Therefore, the zeros of the function F(x) = x^2 + 2x - 15 are x = 3 and x = -5.
Since the parabola opens upwards, the vertex represents the minimum value of the function. Therefore, the function F(x) = x^2 + 2x - 15 has a minimum value of -16 at x = -1.
Explanation:
To find the zeros of the function F(x) = x^2 + 2x - 15, we need to solve for x when F(x) = 0.

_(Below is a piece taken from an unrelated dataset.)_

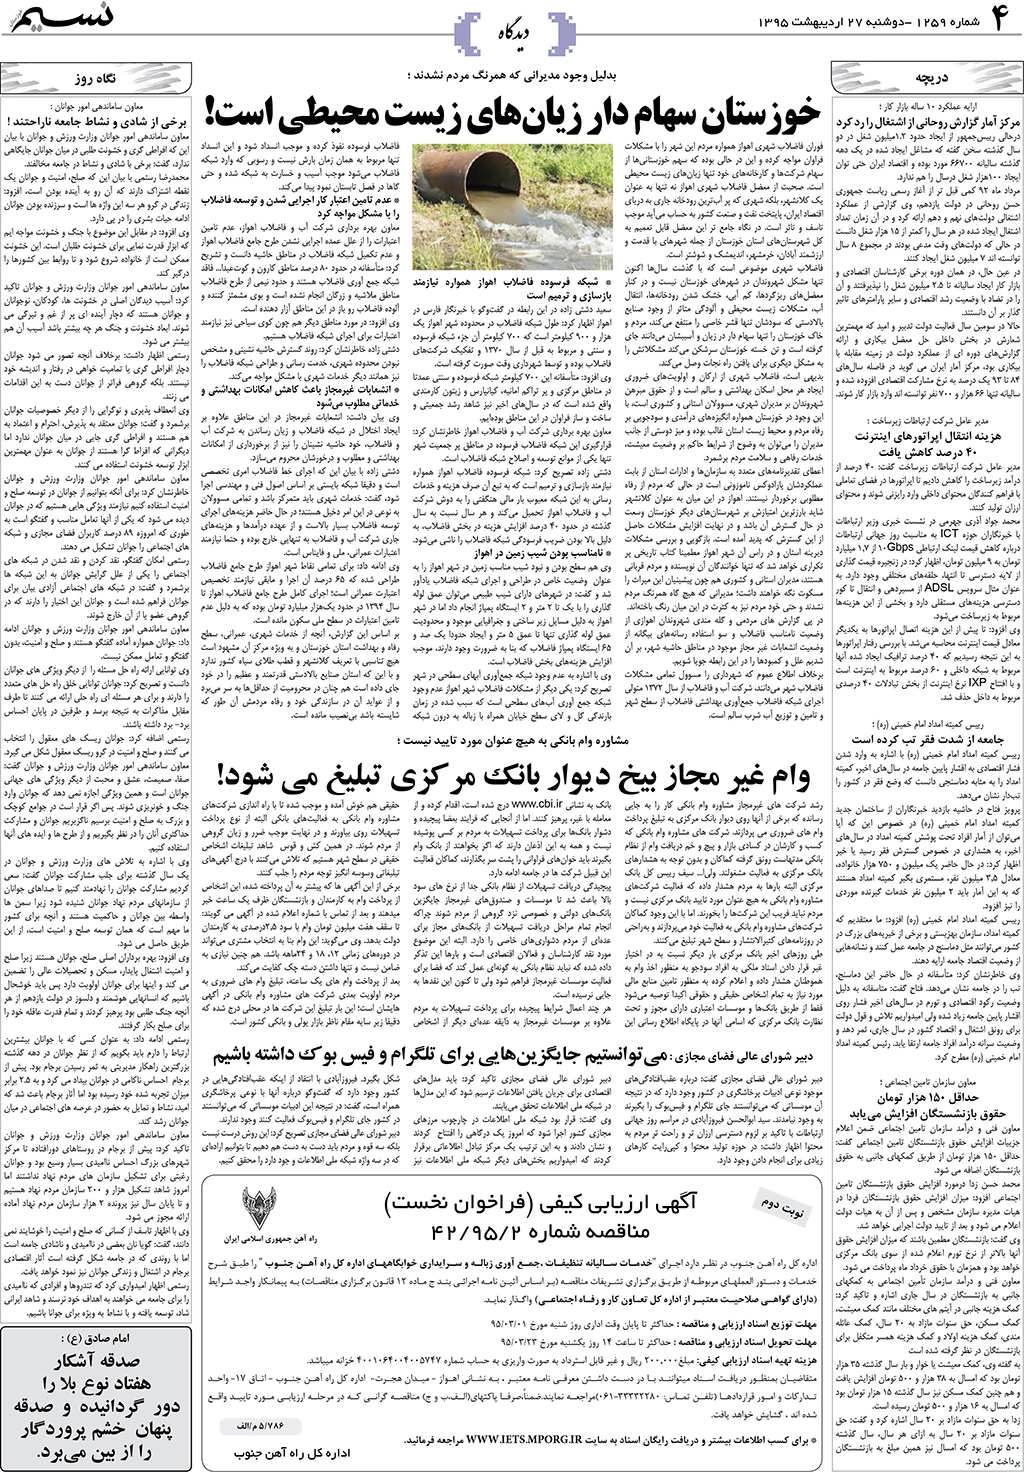 صفحه دیدگاه روزنامه نسیم شماره 1259

So, setting the function equal to 0, we have:
x^2 + 2x - 15 = 0.
We can solve this quadratic equation using the quadratic formula:
x = (-b ± √(b^2 - 4ac)) / (2a).
In this case, a = 1, b = 2, and c = -15. Plugging these values into the quadratic formula, we get:
x = (-2 ± √(2^2 - 4*1*(-15))) / (2*1),
x = (-2 ± √(4 + 60)) / 2,
x = (-2 ± √64) / 2,
x = (-2 ± 8) / 2.
So, the solutions for x are:
x = (-2 + 8) / 2 = 6 / 2 = 3,
x = (-2 - 8) / 2 = -10 / 2 = -5.
Therefore, the zeros of the function F(x) = x^2 + 2x - 15 are x = 3 and x = -5.

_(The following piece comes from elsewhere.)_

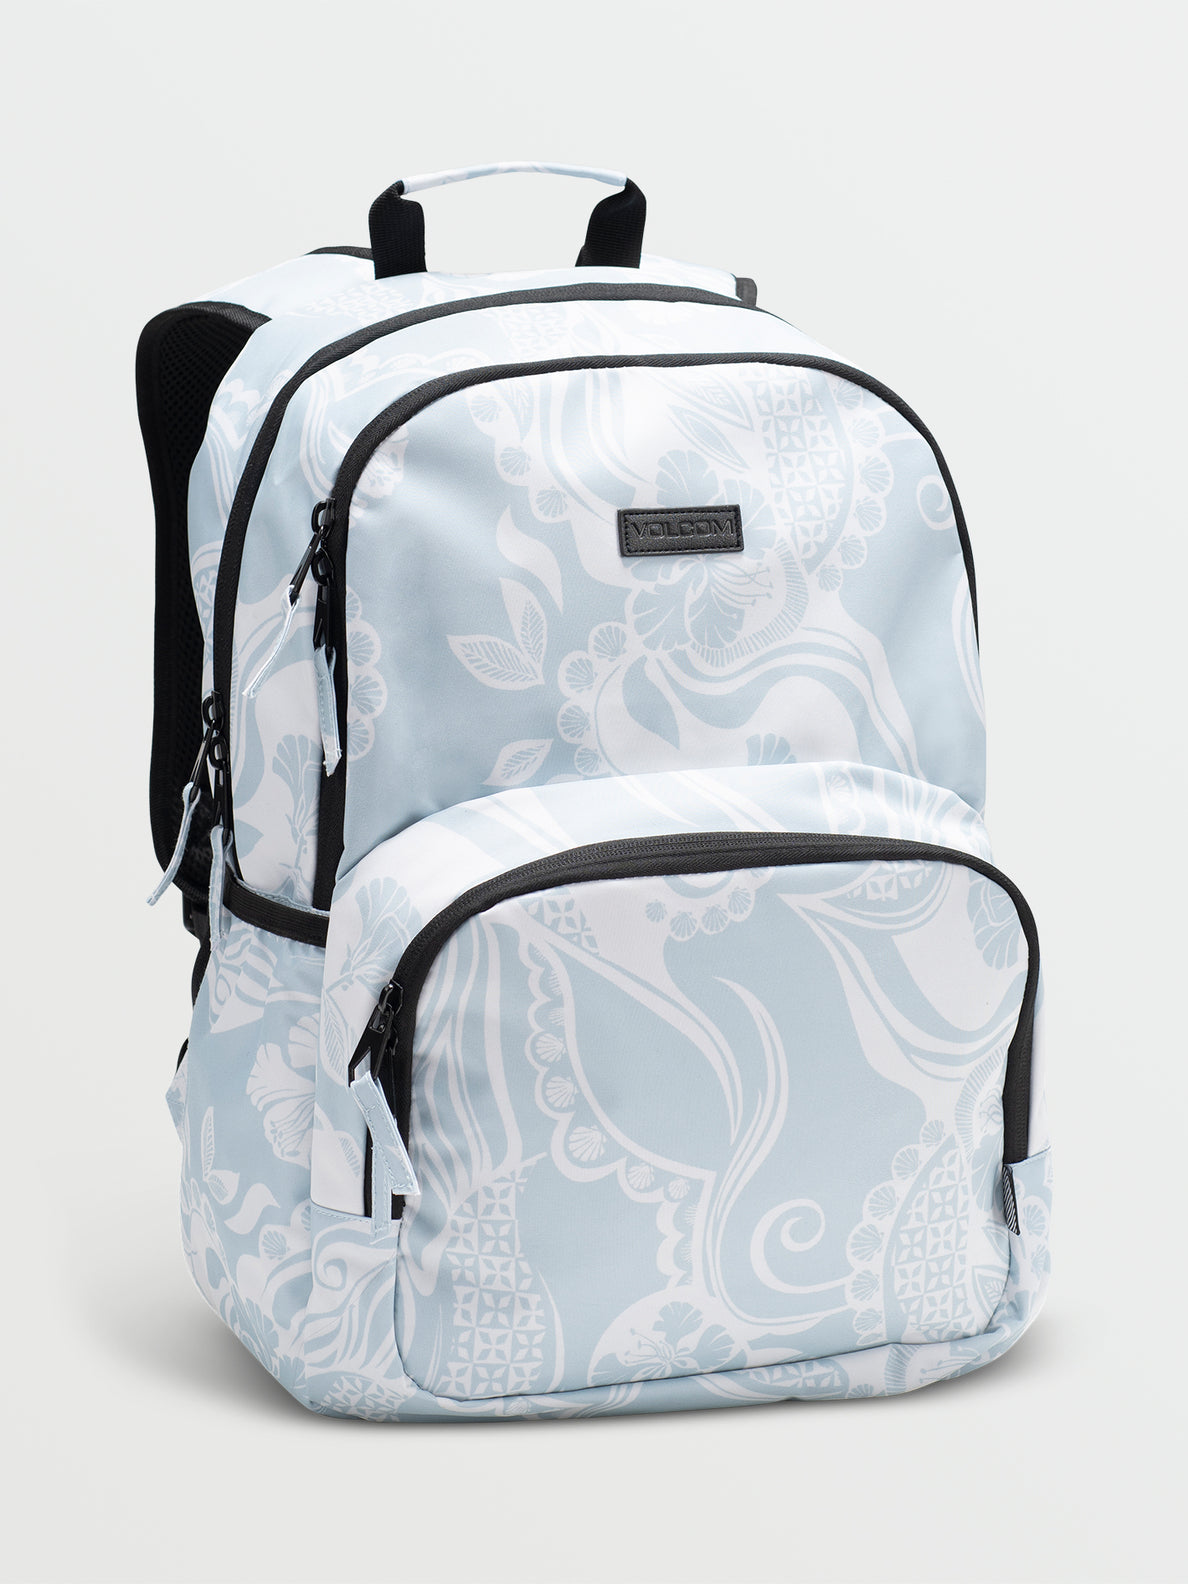 Upperclass Backpack - Cream

To find the maximum or minimum of the function, we can use the vertex form of a parabola which is given by: y = a(x - h)^2 + k, where (h, k) is the vertex of the parabola and a determines the direction of the parabola.
In the given function F(x) = x^2 + 2x - 15, we can rewrite it in vertex form:
F(x) = (x^2 + 2x + 1) - 1 - 15,
F(x) = (x + 1)^2 - 16.
From this form, we can see that the parabola opens upwards, and its vertex is at (-1, -16).
Since the parabola opens upwards, the vertex represents the minimum value of the function. Therefore, the function F(x) = x^2 + 2x - 15 has a minimum value of -16 at x = -1.